**Exercise material**
----------------

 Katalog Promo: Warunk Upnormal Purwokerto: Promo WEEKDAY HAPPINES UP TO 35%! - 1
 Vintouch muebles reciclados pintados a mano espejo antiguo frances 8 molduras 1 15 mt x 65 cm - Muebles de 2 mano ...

----------------

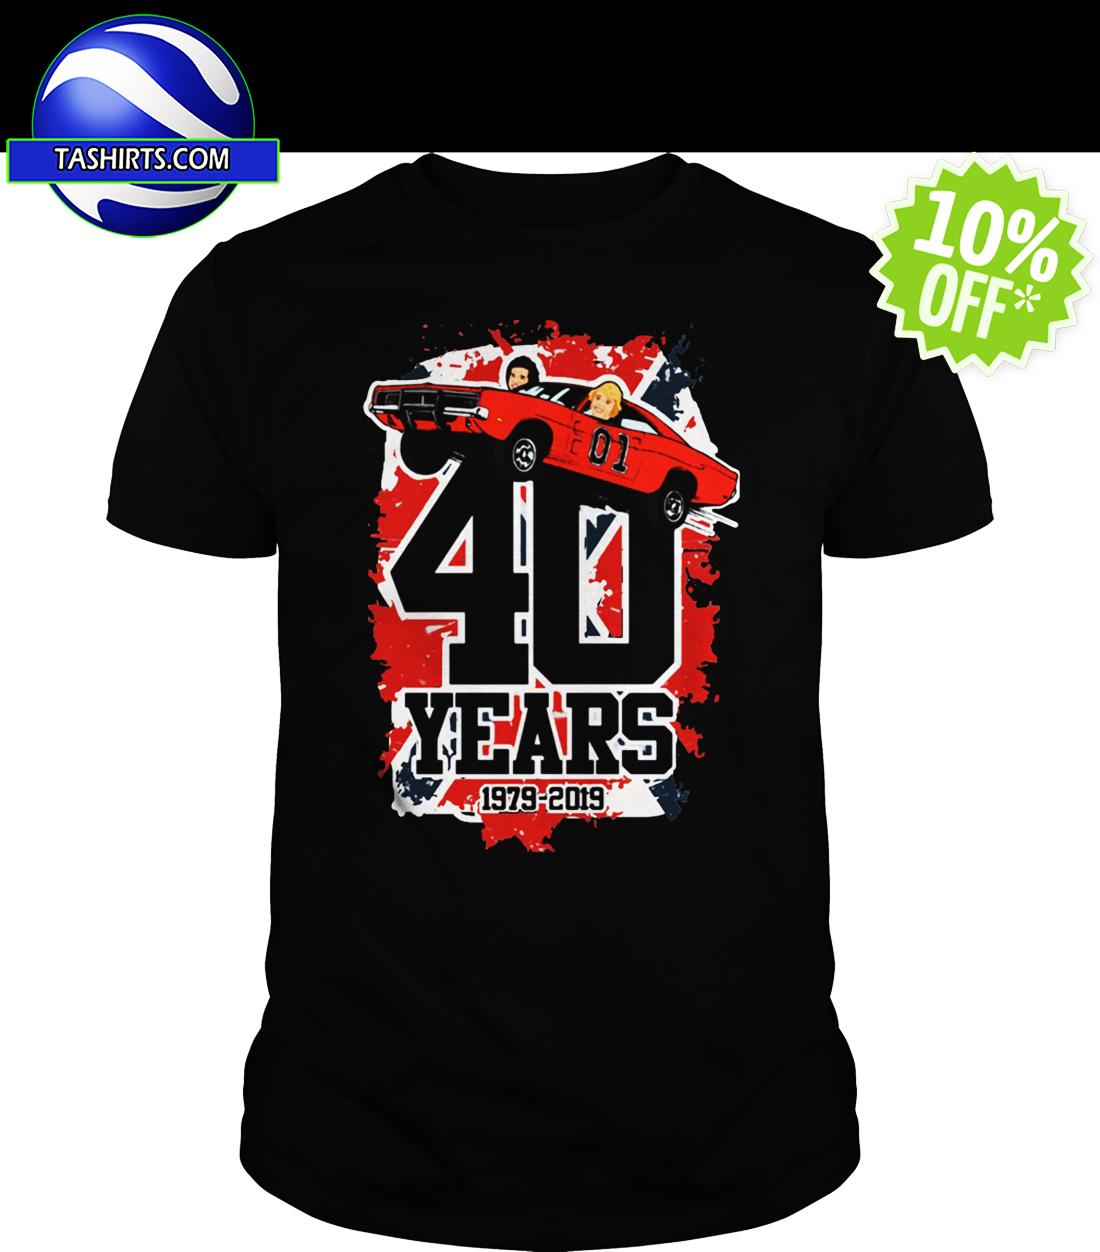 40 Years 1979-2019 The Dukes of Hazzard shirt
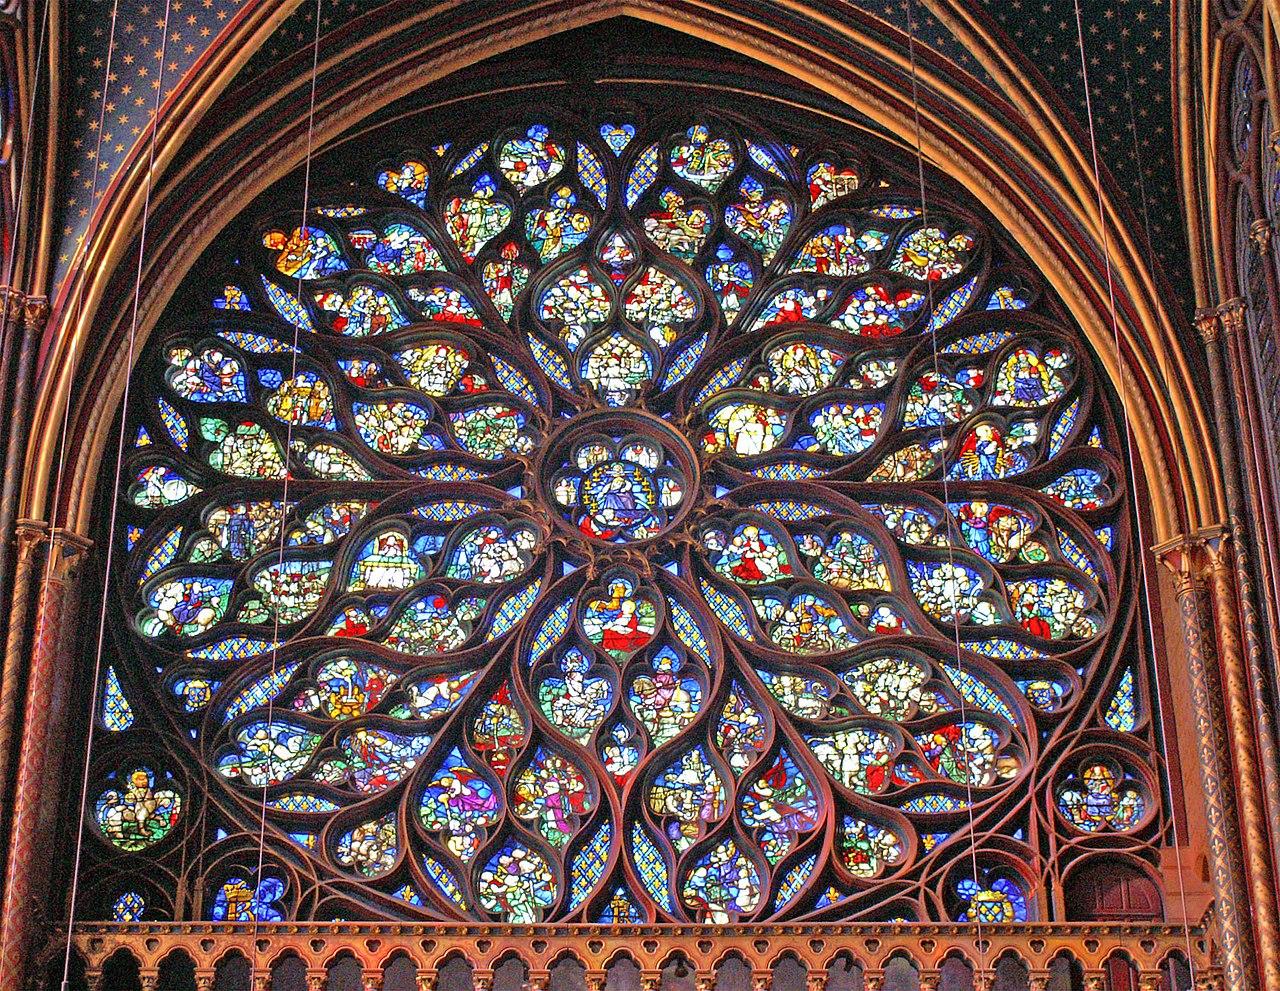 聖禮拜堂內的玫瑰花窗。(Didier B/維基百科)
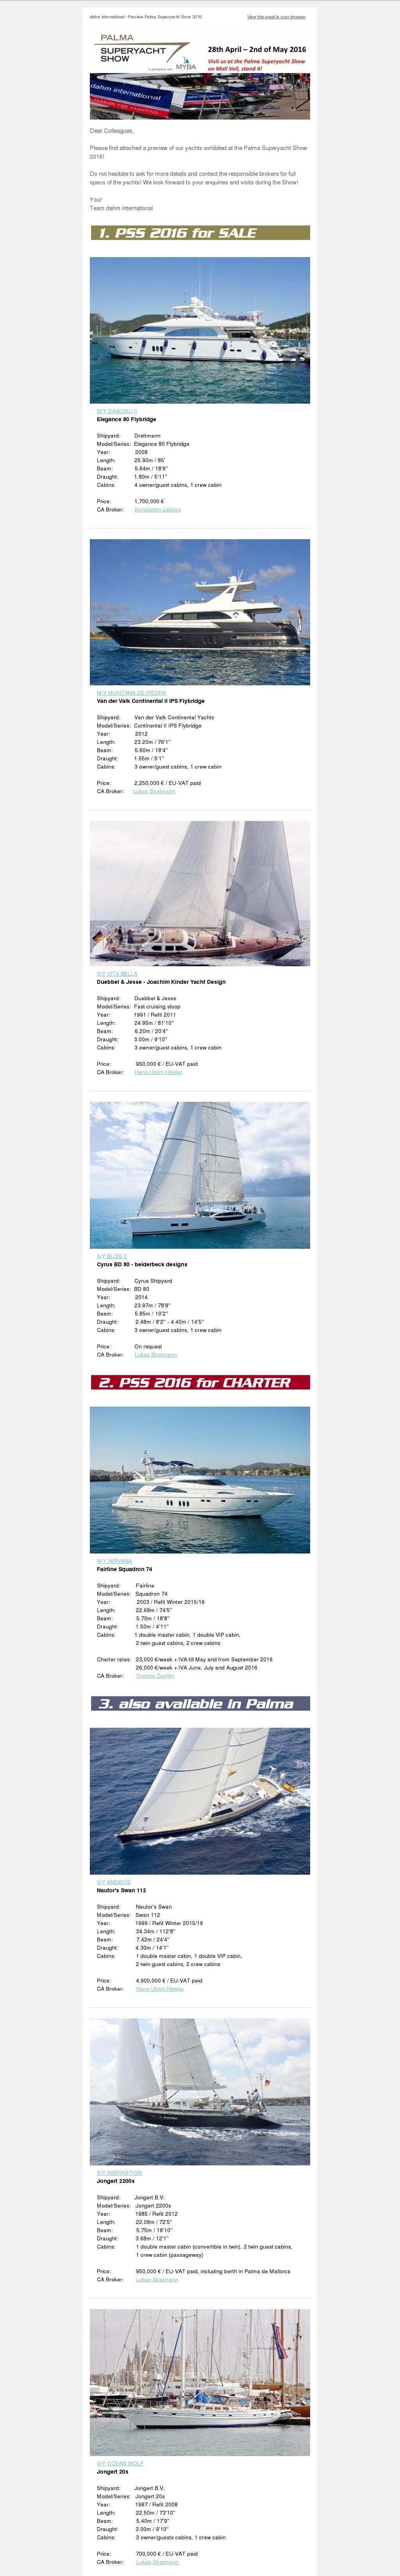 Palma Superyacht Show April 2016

----------------

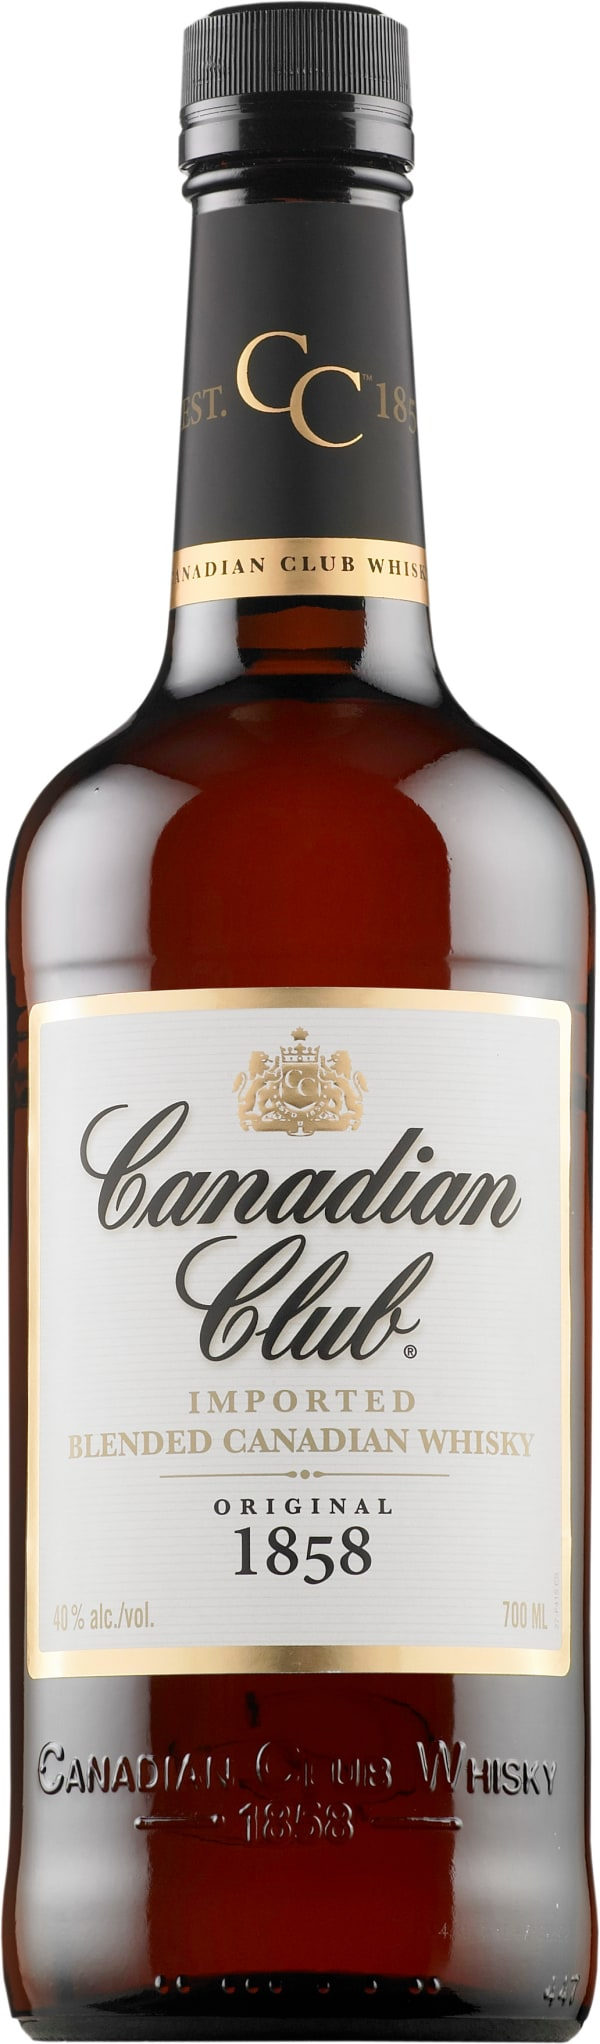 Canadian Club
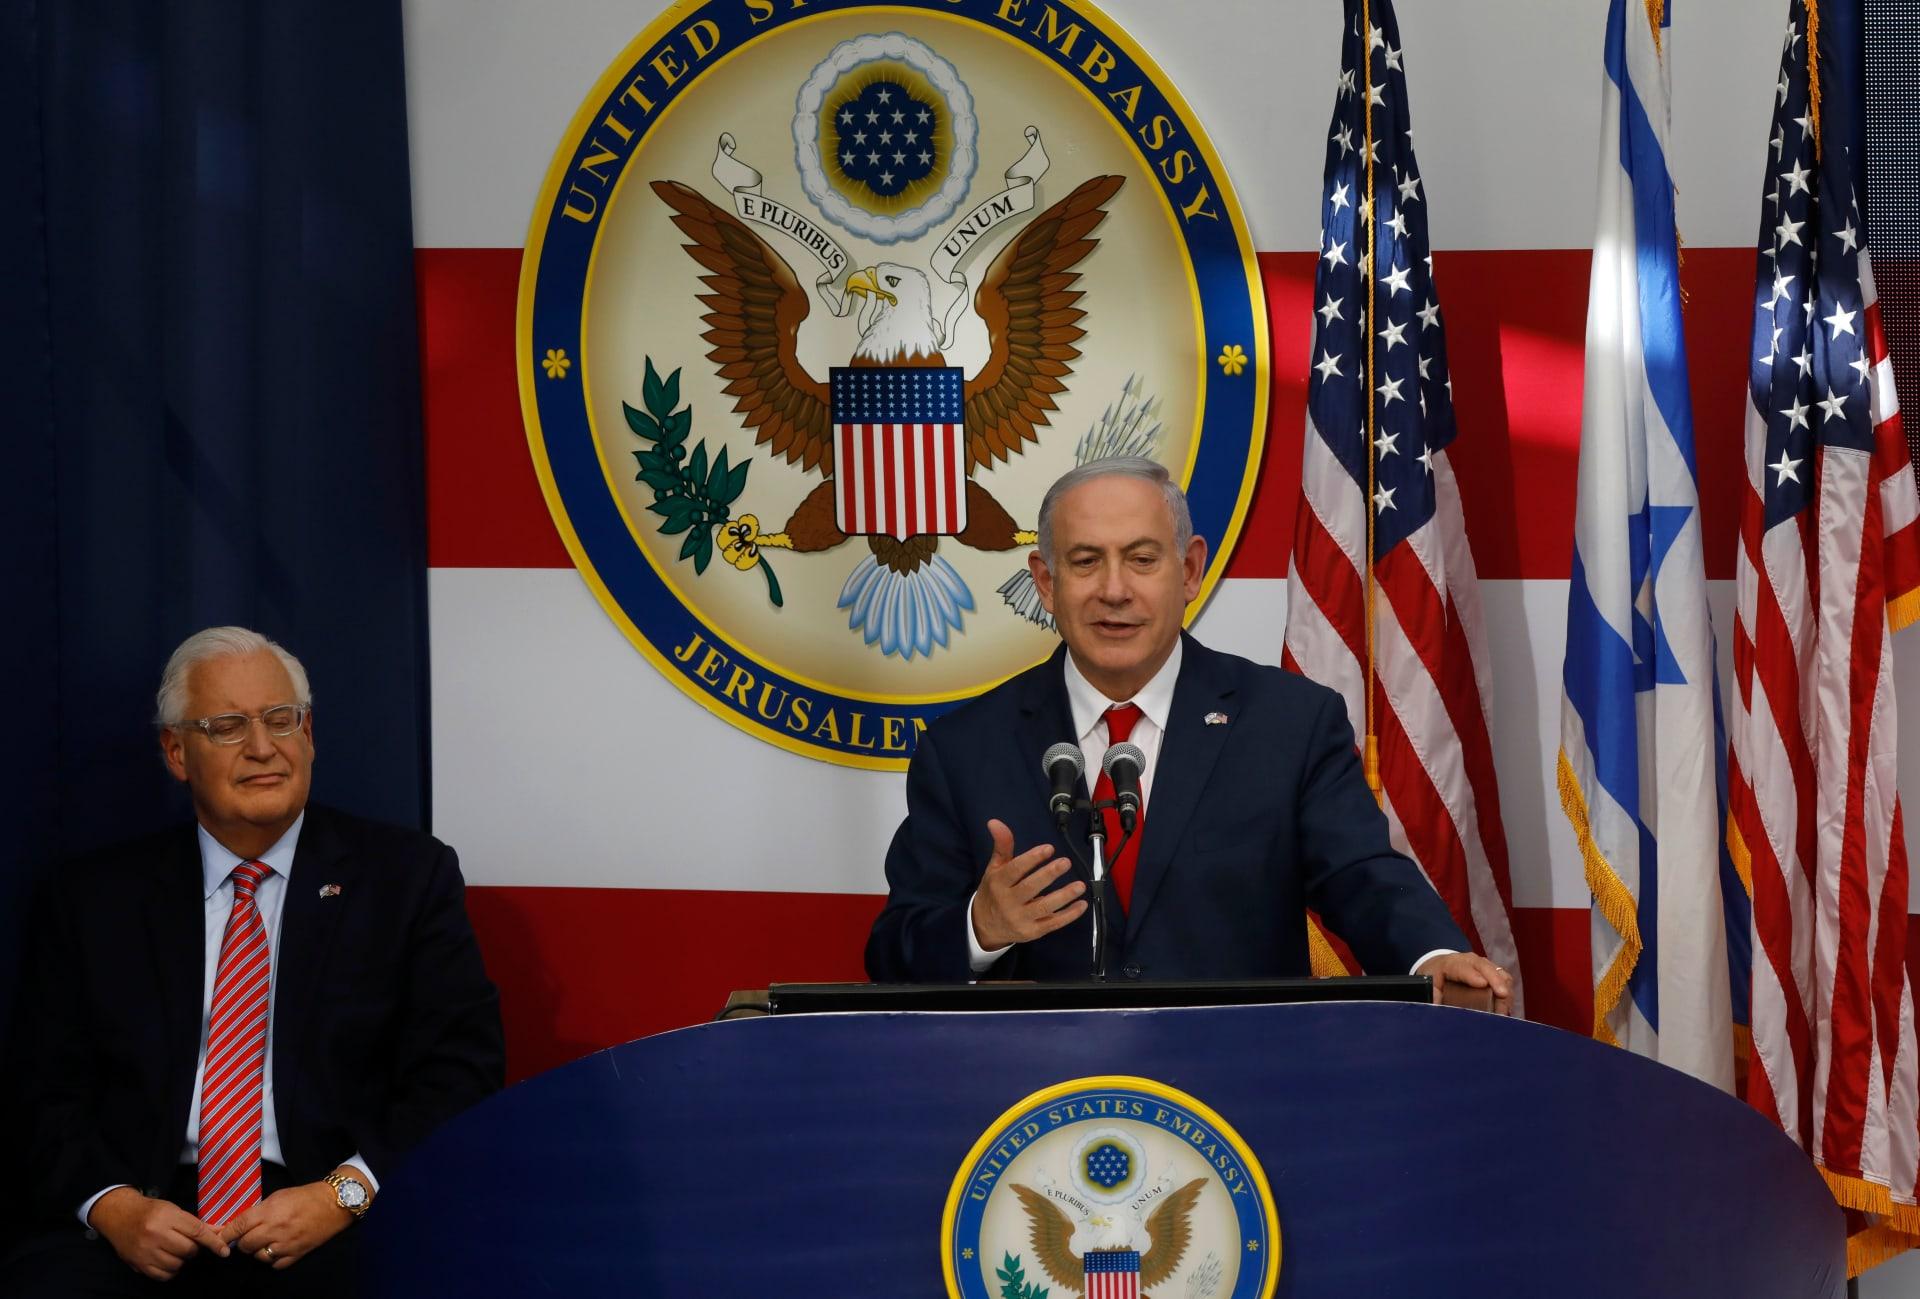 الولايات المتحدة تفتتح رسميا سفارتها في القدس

----------------

**Required work**
In the listing above, find the line with "40 Years 1979-2019" and the line with "Palma Superyacht Show April 2016". Set down both and every line between them, minus the pictures.

**Written solution**
 40 Years 1979-2019 The Dukes of Hazzard shirt
 聖禮拜堂內的玫瑰花窗。(Didier B/維基百科)
 Palma Superyacht Show April 2016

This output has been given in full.